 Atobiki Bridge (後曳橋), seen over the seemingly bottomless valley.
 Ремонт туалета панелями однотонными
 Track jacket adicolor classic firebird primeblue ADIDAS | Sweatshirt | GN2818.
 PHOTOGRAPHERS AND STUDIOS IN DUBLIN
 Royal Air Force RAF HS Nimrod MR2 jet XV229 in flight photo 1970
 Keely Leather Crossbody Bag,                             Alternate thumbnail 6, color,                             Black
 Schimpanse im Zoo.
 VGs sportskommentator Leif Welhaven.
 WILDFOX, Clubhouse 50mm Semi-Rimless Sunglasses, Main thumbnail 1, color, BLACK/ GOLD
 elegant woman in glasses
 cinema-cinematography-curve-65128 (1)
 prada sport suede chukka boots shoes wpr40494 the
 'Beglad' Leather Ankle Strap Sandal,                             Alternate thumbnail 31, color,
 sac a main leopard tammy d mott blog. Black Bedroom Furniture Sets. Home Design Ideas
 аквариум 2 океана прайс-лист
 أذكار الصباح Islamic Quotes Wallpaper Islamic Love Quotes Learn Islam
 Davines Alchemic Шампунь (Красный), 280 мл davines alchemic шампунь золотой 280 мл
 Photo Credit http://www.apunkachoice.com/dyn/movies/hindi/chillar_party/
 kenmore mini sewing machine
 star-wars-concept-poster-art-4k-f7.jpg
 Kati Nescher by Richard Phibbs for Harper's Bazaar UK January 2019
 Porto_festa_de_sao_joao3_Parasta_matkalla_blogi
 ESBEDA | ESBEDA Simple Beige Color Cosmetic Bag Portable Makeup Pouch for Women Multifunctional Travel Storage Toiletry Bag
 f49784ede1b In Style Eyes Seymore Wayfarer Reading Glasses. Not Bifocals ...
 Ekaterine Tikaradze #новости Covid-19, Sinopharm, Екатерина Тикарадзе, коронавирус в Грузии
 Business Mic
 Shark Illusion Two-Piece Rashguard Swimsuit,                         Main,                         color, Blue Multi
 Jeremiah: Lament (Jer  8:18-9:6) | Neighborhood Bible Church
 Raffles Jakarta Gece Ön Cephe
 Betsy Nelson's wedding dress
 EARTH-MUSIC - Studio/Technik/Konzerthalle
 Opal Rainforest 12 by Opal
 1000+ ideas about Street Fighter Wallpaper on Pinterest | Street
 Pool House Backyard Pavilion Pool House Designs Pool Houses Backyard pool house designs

## EXERCISE DIRECTIONS
Each line of the records belongs in the answer, reproduced exactly.

## PROBLEM SOLUTION
 Atobiki Bridge (後曳橋), seen over the seemingly bottomless valley.
 Ремонт туалета панелями однотонными
 Track jacket adicolor classic firebird primeblue ADIDAS | Sweatshirt | GN2818.
 PHOTOGRAPHERS AND STUDIOS IN DUBLIN
 Royal Air Force RAF HS Nimrod MR2 jet XV229 in flight photo 1970
 Keely Leather Crossbody Bag,                             Alternate thumbnail 6, color,                             Black
 Schimpanse im Zoo.
 VGs sportskommentator Leif Welhaven.
 WILDFOX, Clubhouse 50mm Semi-Rimless Sunglasses, Main thumbnail 1, color, BLACK/ GOLD
 elegant woman in glasses
 cinema-cinematography-curve-65128 (1)
 prada sport suede chukka boots shoes wpr40494 the
 'Beglad' Leather Ankle Strap Sandal,                             Alternate thumbnail 31, color,
 sac a main leopard tammy d mott blog. Black Bedroom Furniture Sets. Home Design Ideas
 аквариум 2 океана прайс-лист
 أذكار الصباح Islamic Quotes Wallpaper Islamic Love Quotes Learn Islam
 Davines Alchemic Шампунь (Красный), 280 мл davines alchemic шампунь золотой 280 мл
 Photo Credit http://www.apunkachoice.com/dyn/movies/hindi/chillar_party/
 kenmore mini sewing machine
 star-wars-concept-poster-art-4k-f7.jpg
 Kati Nescher by Richard Phibbs for Harper's Bazaar UK January 2019
 Porto_festa_de_sao_joao3_Parasta_matkalla_blogi
 ESBEDA | ESBEDA Simple Beige Color Cosmetic Bag Portable Makeup Pouch for Women Multifunctional Travel Storage Toiletry Bag
 f49784ede1b In Style Eyes Seymore Wayfarer Reading Glasses. Not Bifocals ...
 Ekaterine Tikaradze #новости Covid-19, Sinopharm, Екатерина Тикарадзе, коронавирус в Грузии
 Business Mic
 Shark Illusion Two-Piece Rashguard Swimsuit,                         Main,                         color, Blue Multi
 Jeremiah: Lament (Jer  8:18-9:6) | Neighborhood Bible Church
 Raffles Jakarta Gece Ön Cephe
 Betsy Nelson's wedding dress
 EARTH-MUSIC - Studio/Technik/Konzerthalle
 Opal Rainforest 12 by Opal
 1000+ ideas about Street Fighter Wallpaper on Pinterest | Street
 Pool House Backyard Pavilion Pool House Designs Pool Houses Backyard pool house designs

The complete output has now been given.